Stepping into such a scene with today's integrated amp means that the lisping aspects mellow out. Without putting on weight, it shaves off a degree of relentless percussiveness. Which segues back to performing just as advertised. Those who love the speed and crystalline clarity of widebanders don't want to hit their brakes or start towing trailers. They simply need a proper windshield not to get bugs into their teeth. Rafael Cortés' latest solea "El Capitan" is a good example for a potential bug fest.

Ditto air-motion transformers. Their unusually large surface areas plus five-fold increase of speed can result in a subjectively forward top. Even though their speakers might measure flat, under music signal their AMT can behave dynamically more aspirated than a typical cone midrange driver.

That skews the amplitude domain whenever dynamic crests have these tweeter lead. Here too a gentler handling of the initial tonal rises can tone down the onset of fatigue.

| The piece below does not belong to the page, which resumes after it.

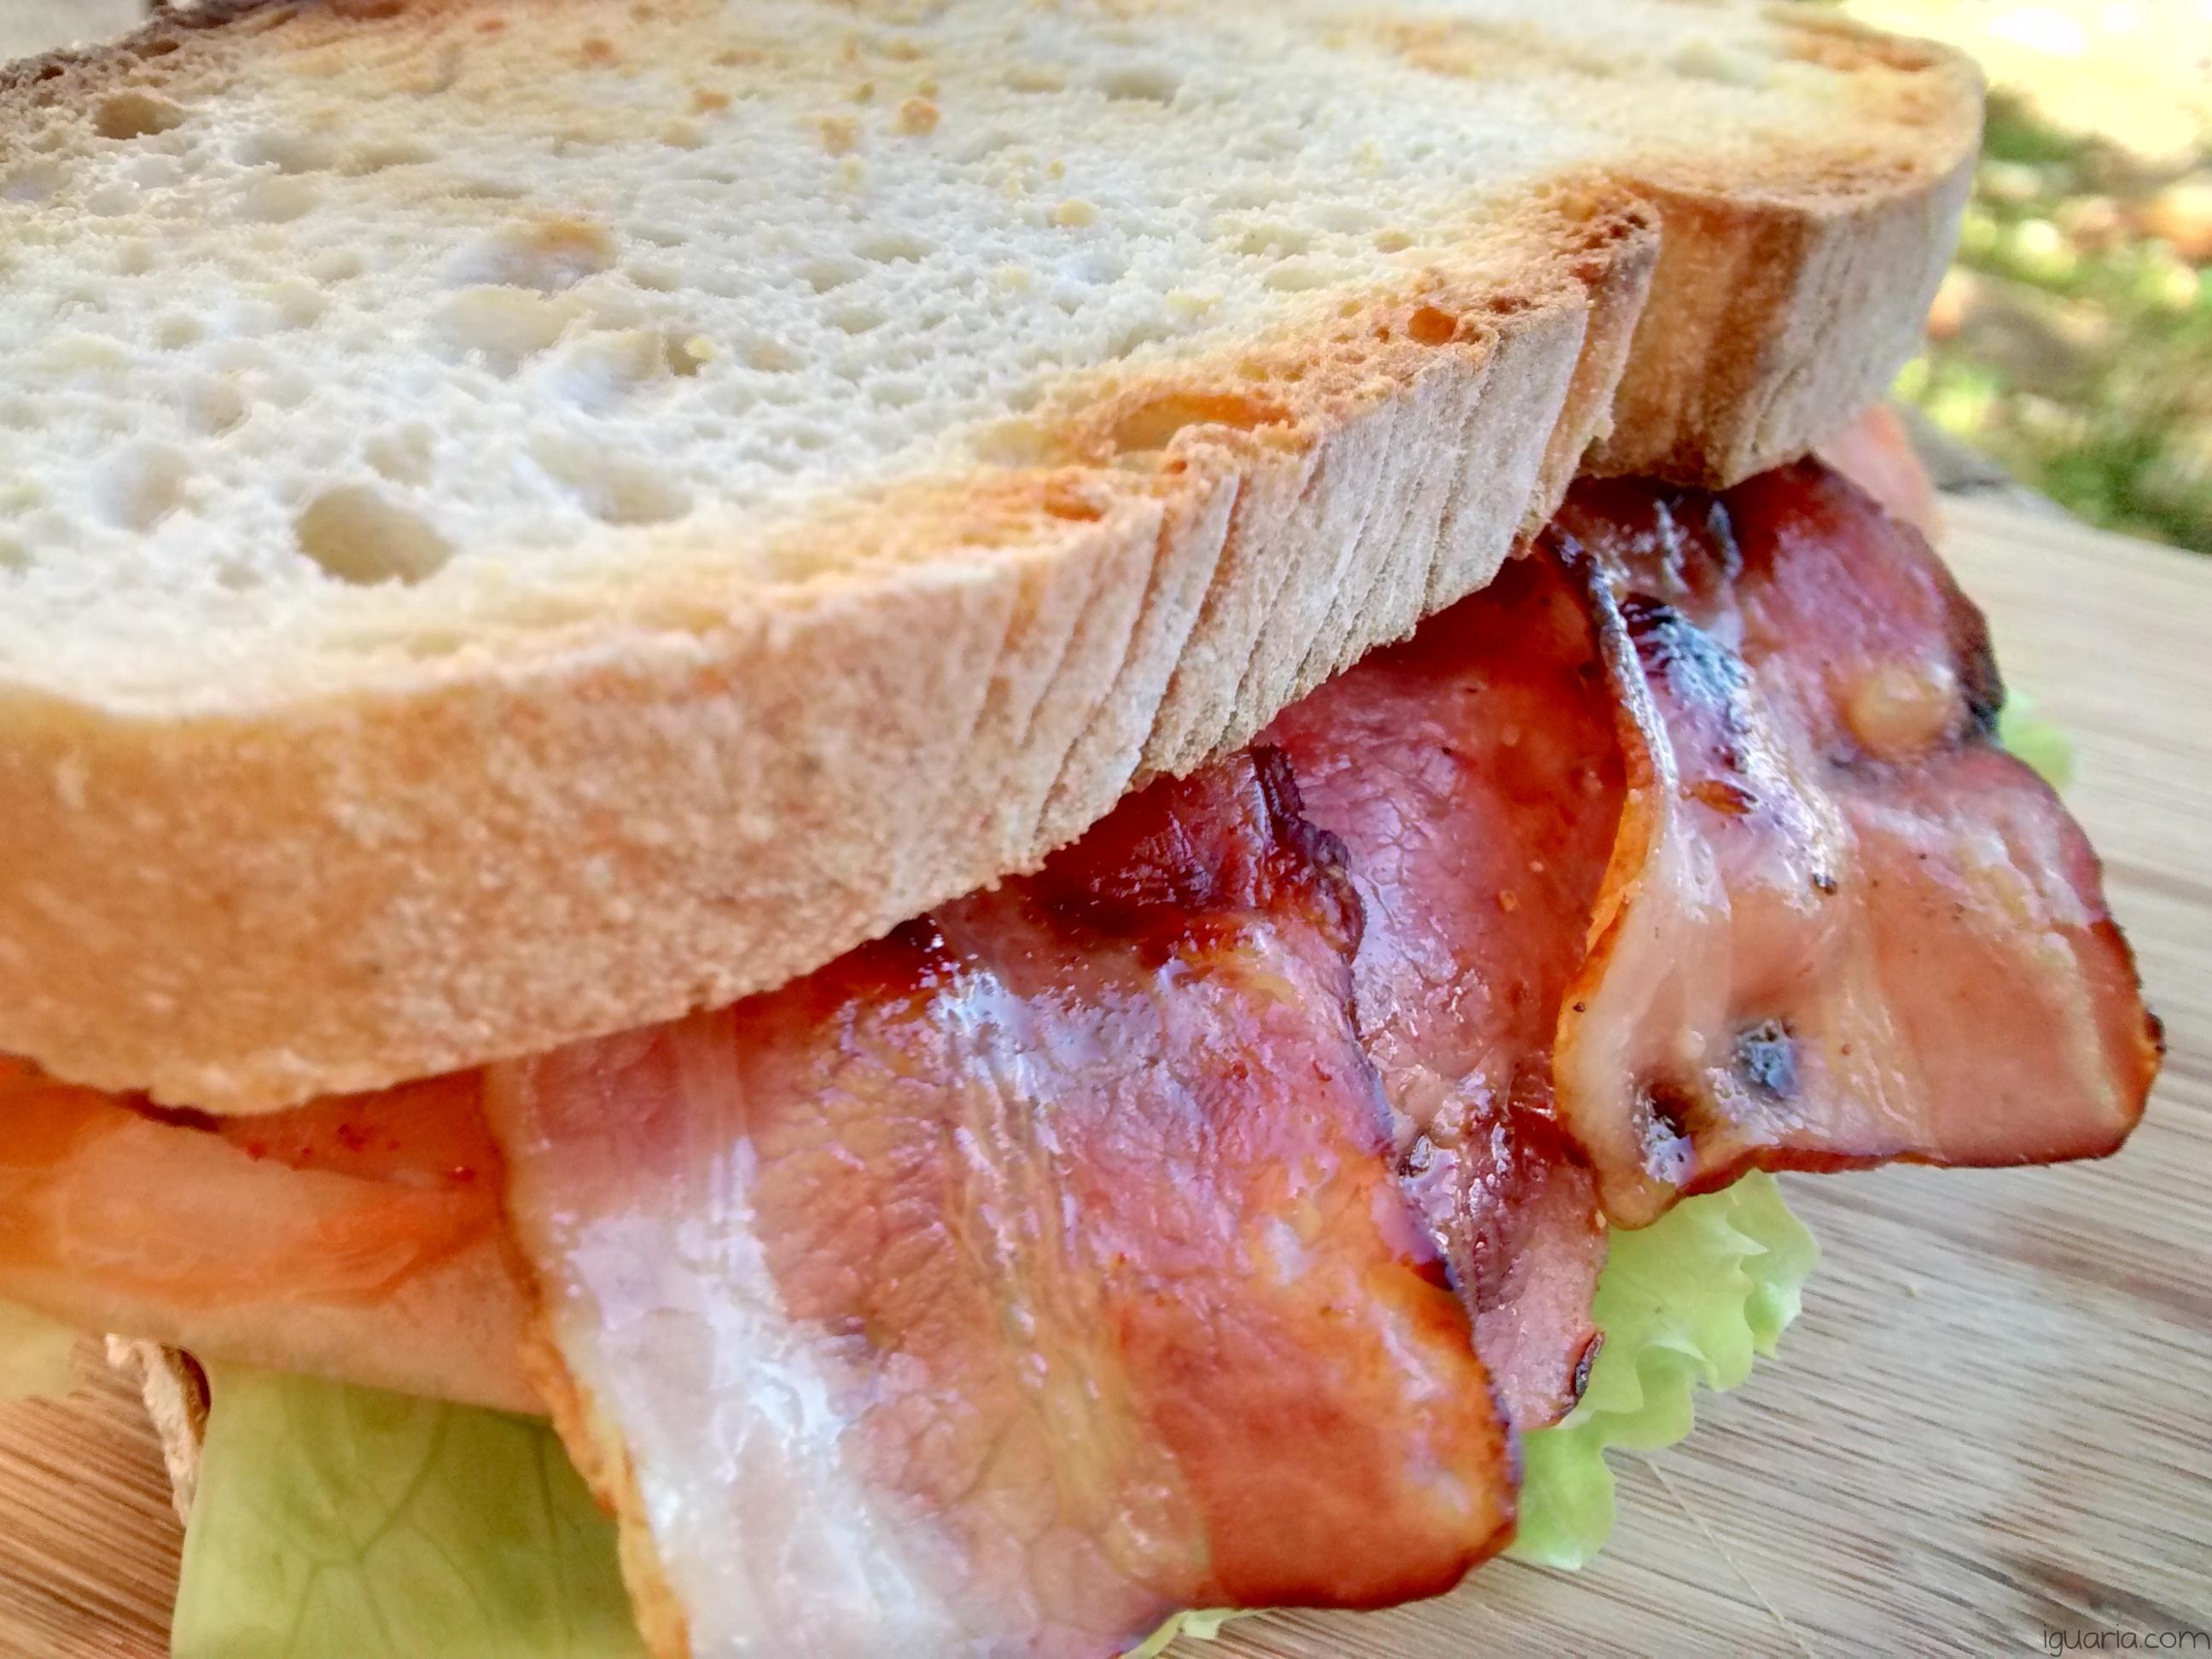 Iguaria_Sandes-de-Bacon-e-Fiambre

Logically following these examples are listeners who like to sit close to stage but not in the very first row. Where for their tastes balcony seats get far too reverb enhanced and fuzzy, just a bit of softening over distance versus extreme proximity to the musicians is their golden ticket. Where the Bakoon would represent front-row center thus be too direct for them, the Ultralinear is… say, 5th row.

Good-bye absolute sound. Hello favorite seat in the auditorium of your room. It's not just about the actual seat. It's about the core flavor of your system and the type music you most fancy. Now you know which direction Linear Tube Audio's UL steers; and where it will never go because it's too fast and resolved to end up anywhere near the cheap seats.

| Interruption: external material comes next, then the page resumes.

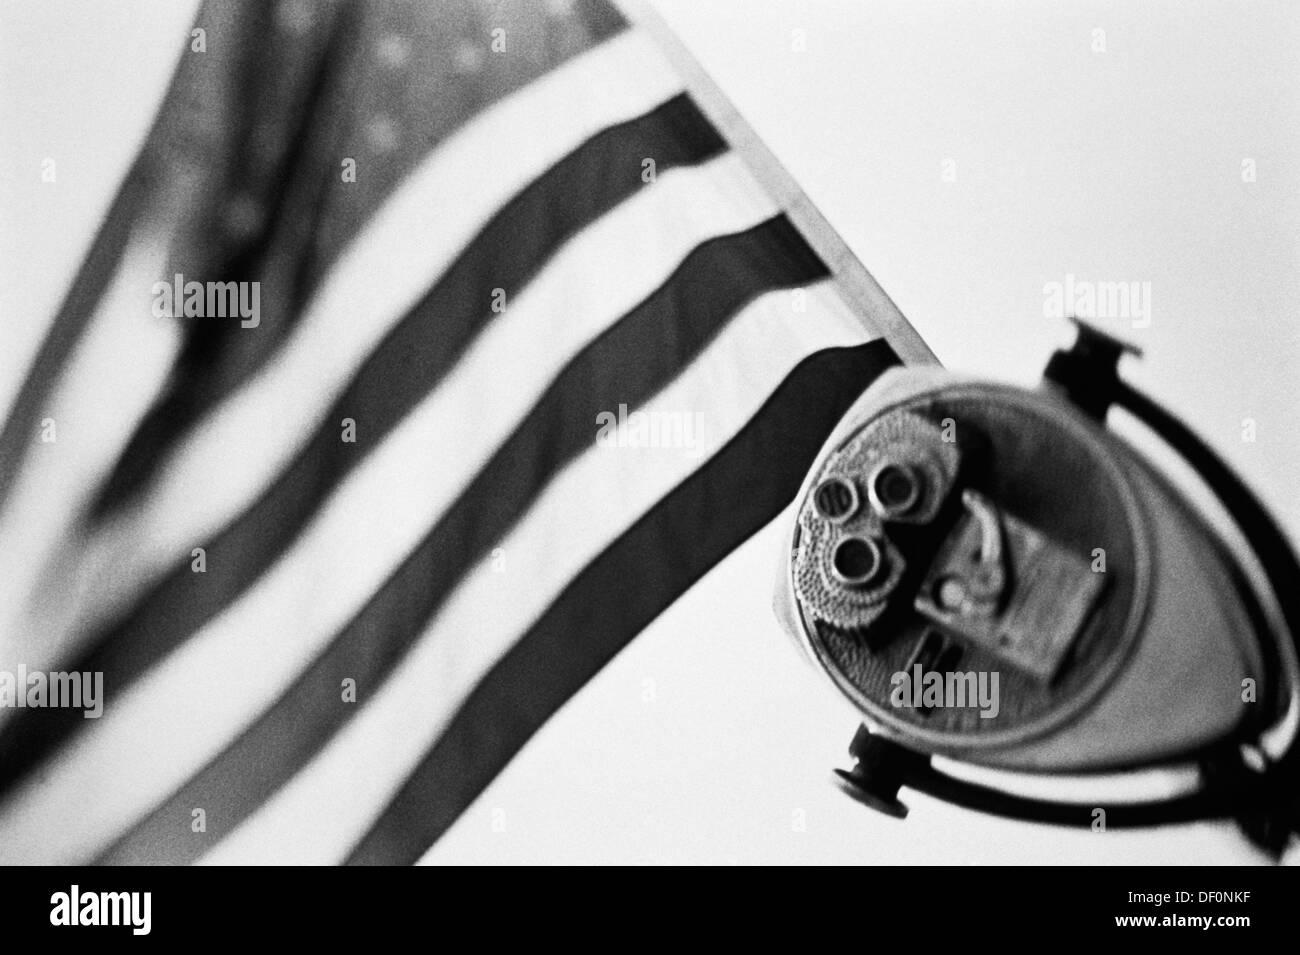 Stati Uniti d'America, bandiera americana, telescopio, close-up. Immagini Stock

If your local Asian restaurant shows the spiciness of a dish with stars or chili peppers, the UL has lost one star or chili over the Z10 on transient pepper like a modern chef giving back his Michelin star for being too trying. But otherwise the flavor of the dish is no different; just less heat. Indian food for tourists. Widebander tourists wanting to feel at home like the natives might do the UL/Nenuphar combo. What they won't want is a source with more than standard 2V outputs. Otherwise peak volumes will mean just 10 on the UL's dial. And that would really compress lower steps.

Into such 94dB loads, 20 watts plus high voltage gain ramp up quickly. They simply do so without any noise but that ideal attack behavior. Importantly, such exotic boxes are far from the full target audience. As we saw upstairs, UL is just as comfortable and confident on 85dB monitor types. So LTA's all-tube integrated is rather more universal than 8wpc 300B amps; and more modern sounding than most their kind.

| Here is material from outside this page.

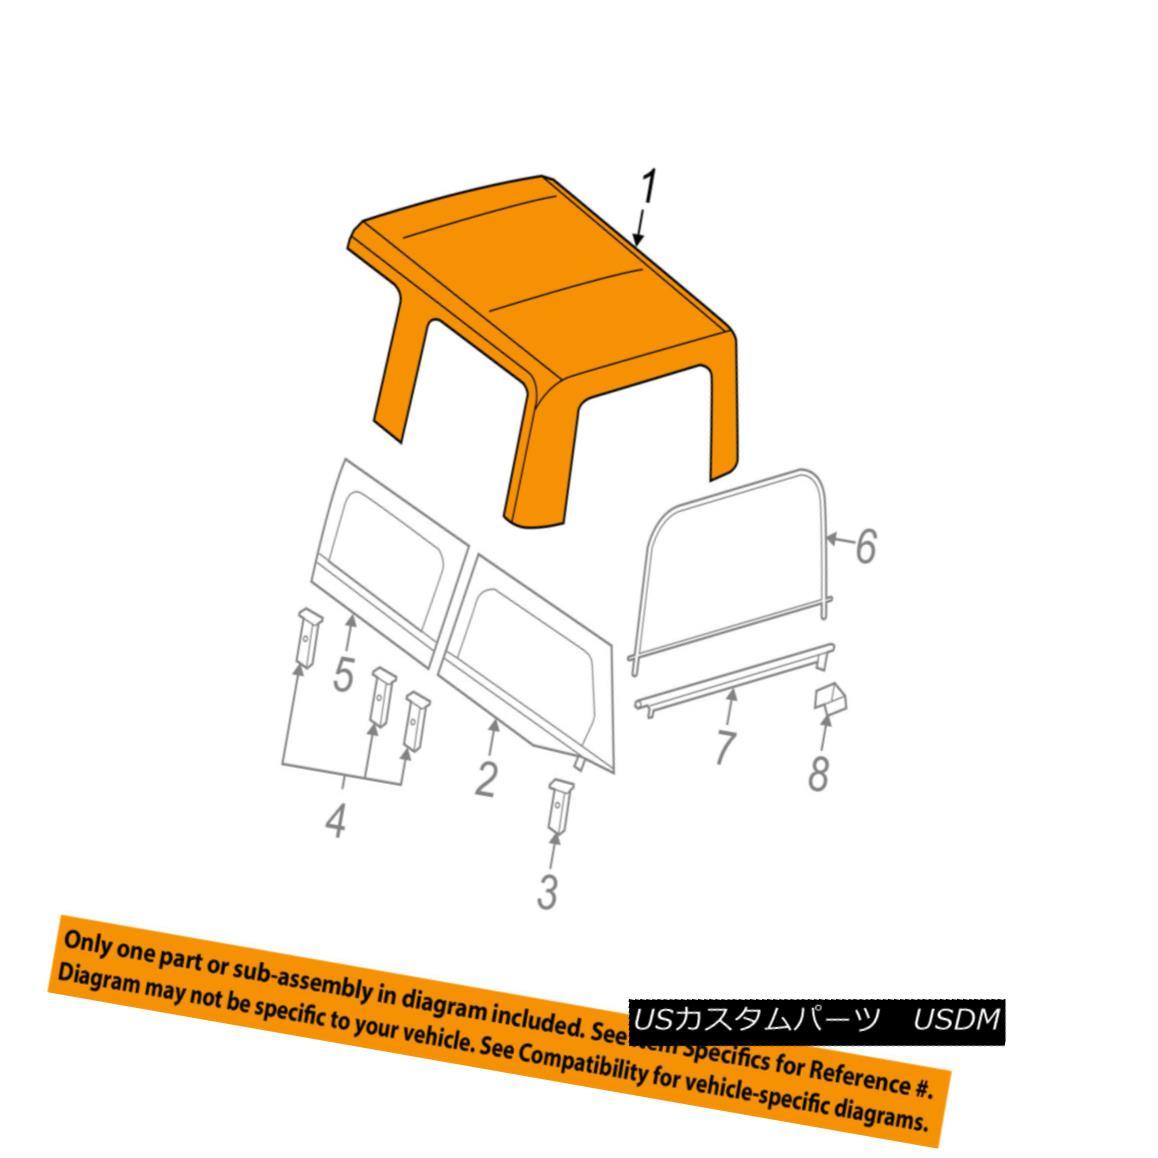 幌・ソフトトップ Jeep CHRYSLER OEM 2007 Wrangler Convertible/soft Top-Folding Top 1FS86SX9AA ジープクリライヤーOEM 2007 Wrangler Convertible / so ftトップ折りたたみトップ1FS86SX9AA

Linear Tube Audio. The brand's emphasis is telling. For a company slogan, they could have picked any other quality. But that would have missed or worse, deceived. Linear indeed is at their very core. Where that still differs from most solid state is in the soundstaging dimensions. Those are more tangibly developed and contrasted. Then there is non-textbook but obvious fluidity where many transistors have a harder time. If your sonic ideals most closely align with solid state but still want those two more tube-typical extras as part of the deal, LTA deserve your closest attention. Where their latest UL gets very specific is in that deliberately mellower handling of leading edges not as a function of fuzz, smear or soft focus. It's what distinguishes this model from the previously reviewed Z10. Very cleverly, this catalogue is spinning out a fetching theme with very particular variations. Johann Gottlieb Goldberg would have approved.